WORK INSTRUCTION
Restate the listing below word for word, and leave its pictures behind.

DATA EXCERPT
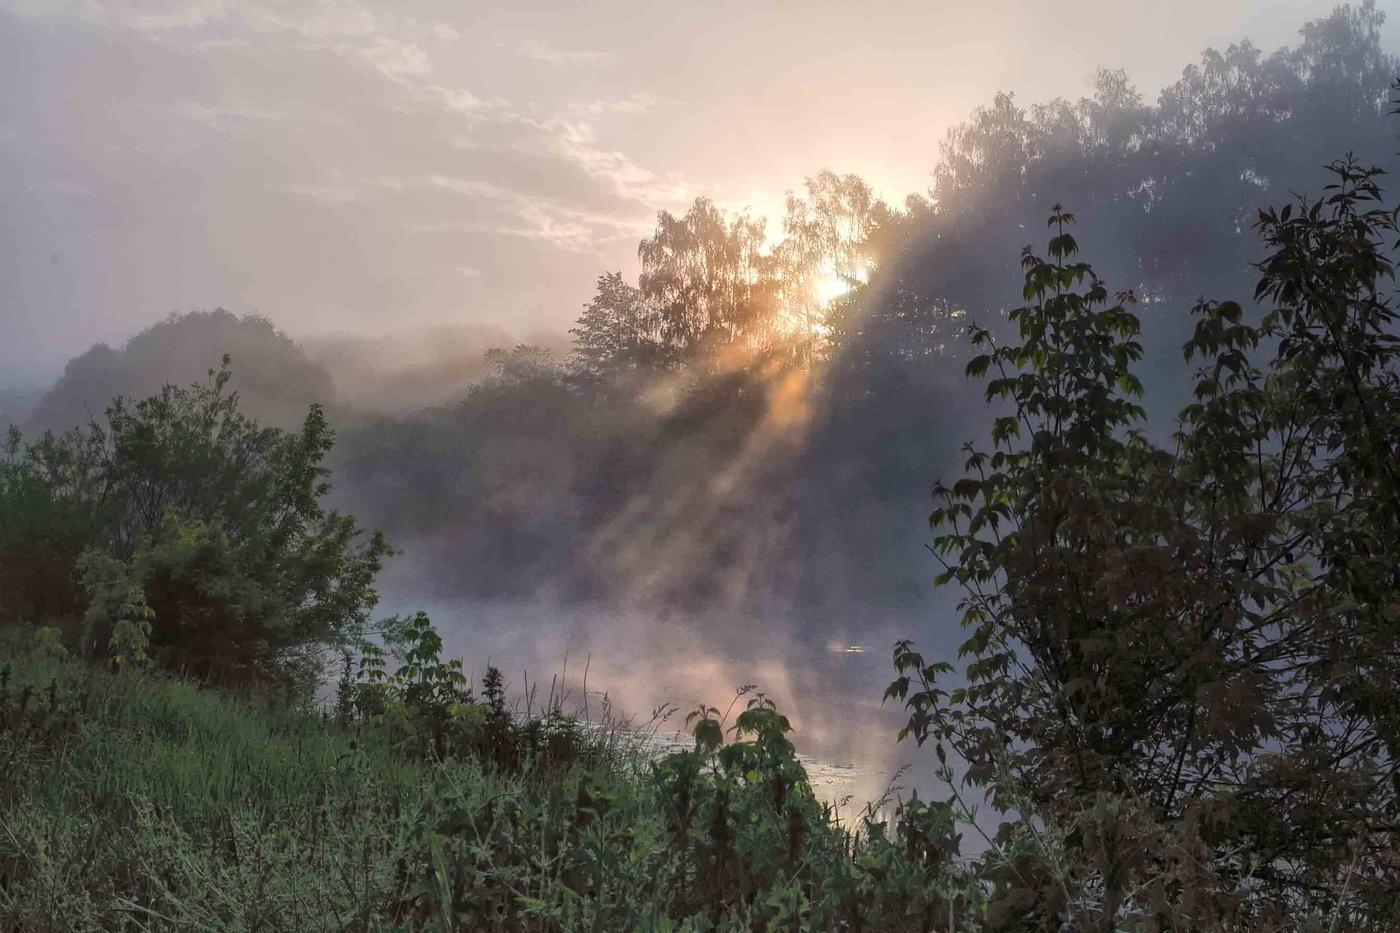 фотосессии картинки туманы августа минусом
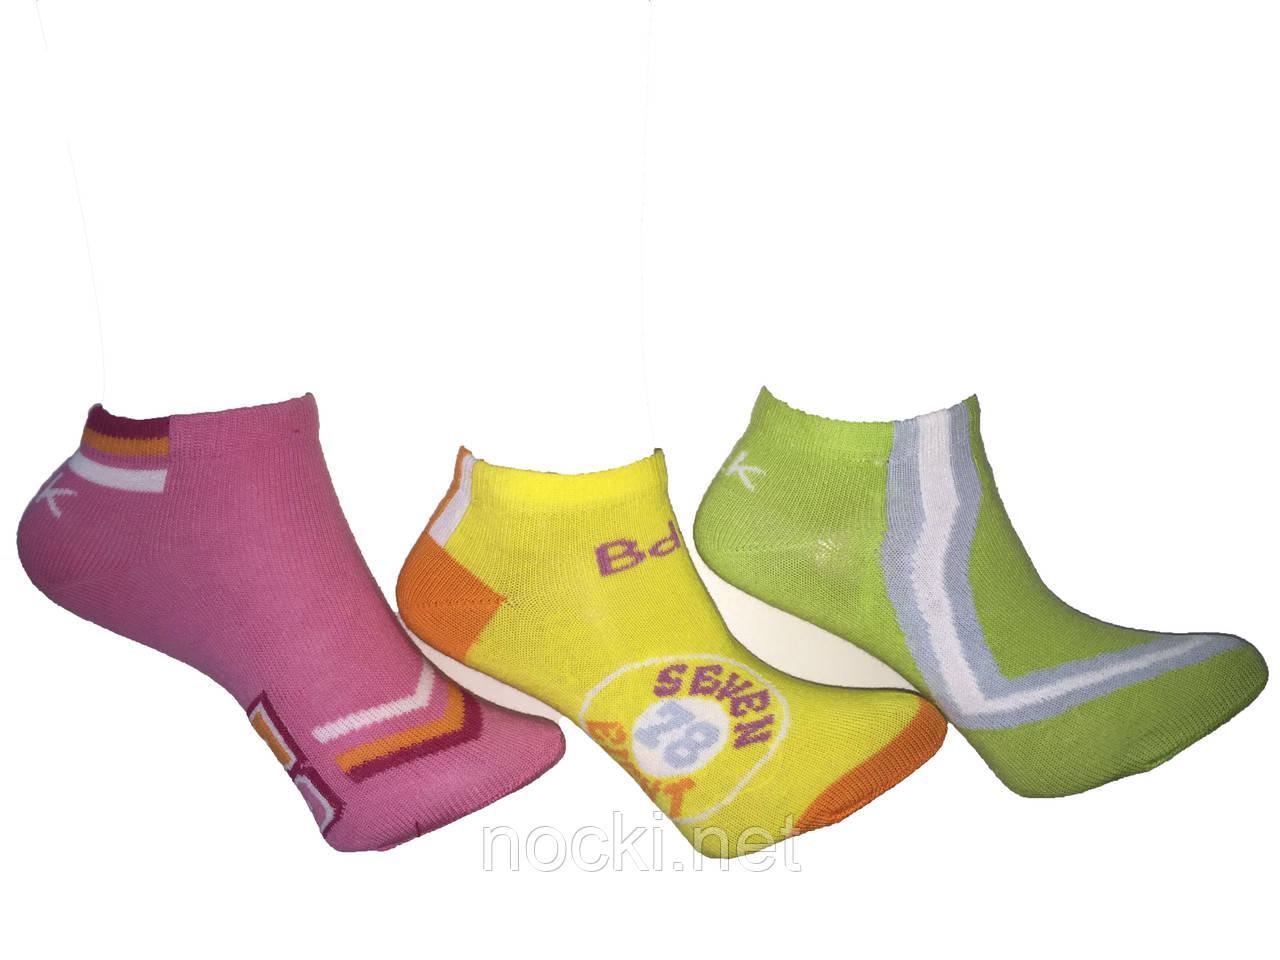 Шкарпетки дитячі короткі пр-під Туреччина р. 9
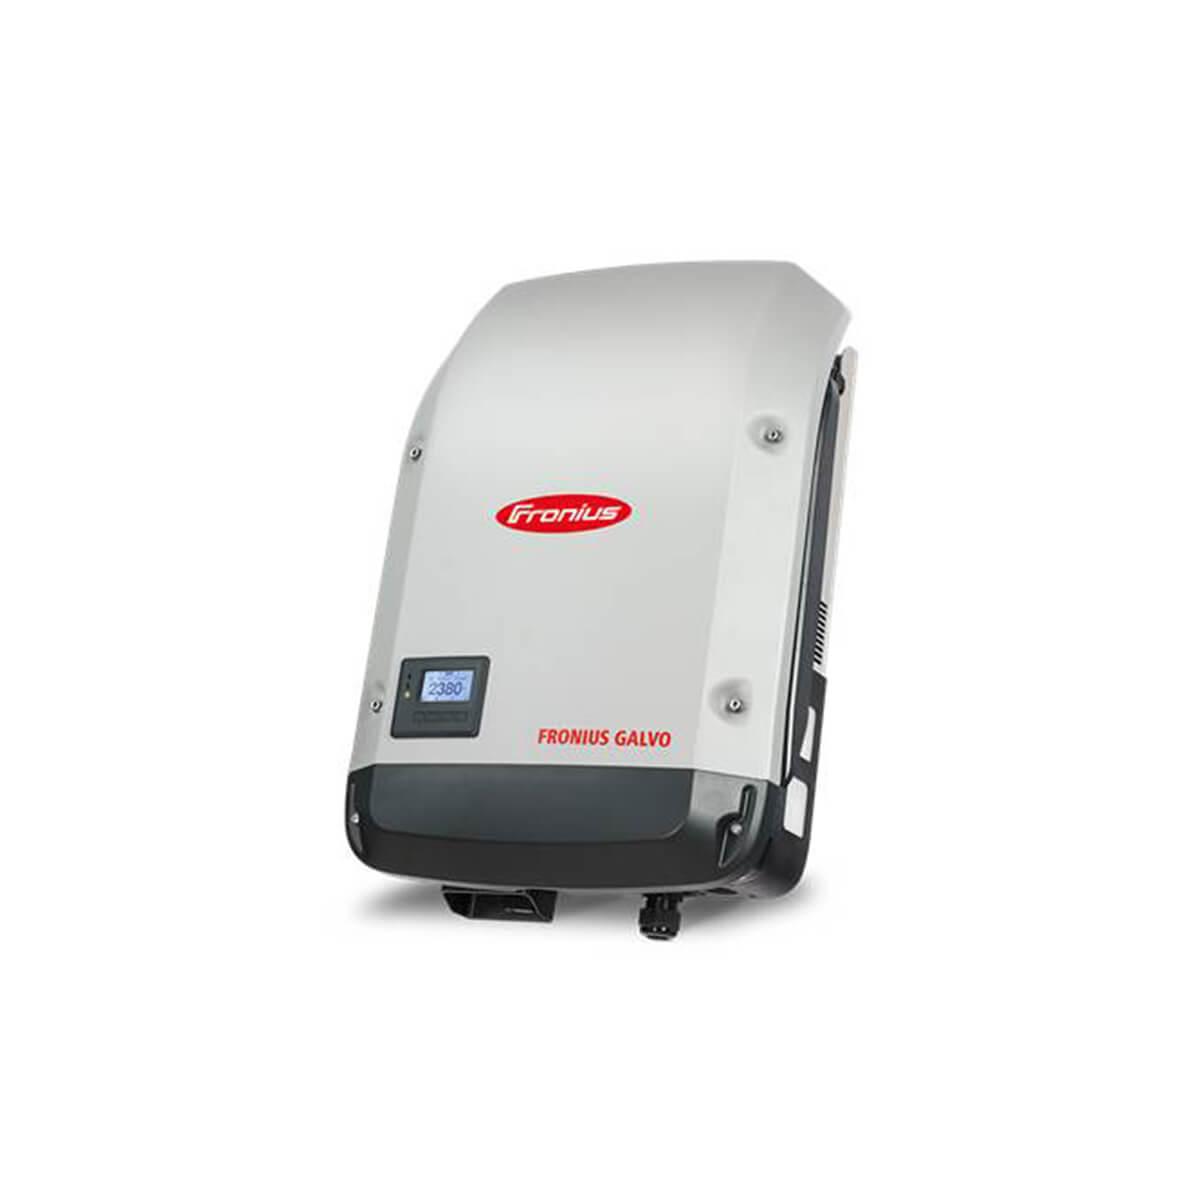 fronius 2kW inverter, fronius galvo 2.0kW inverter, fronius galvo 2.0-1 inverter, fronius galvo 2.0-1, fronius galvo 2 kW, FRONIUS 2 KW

SOLVED EXERCISE
 фотосессии картинки туманы августа минусом
 Шкарпетки дитячі короткі пр-під Туреччина р. 9
 fronius 2kW inverter, fronius galvo 2.0kW inverter, fronius galvo 2.0-1 inverter, fronius galvo 2.0-1, fronius galvo 2 kW, FRONIUS 2 KW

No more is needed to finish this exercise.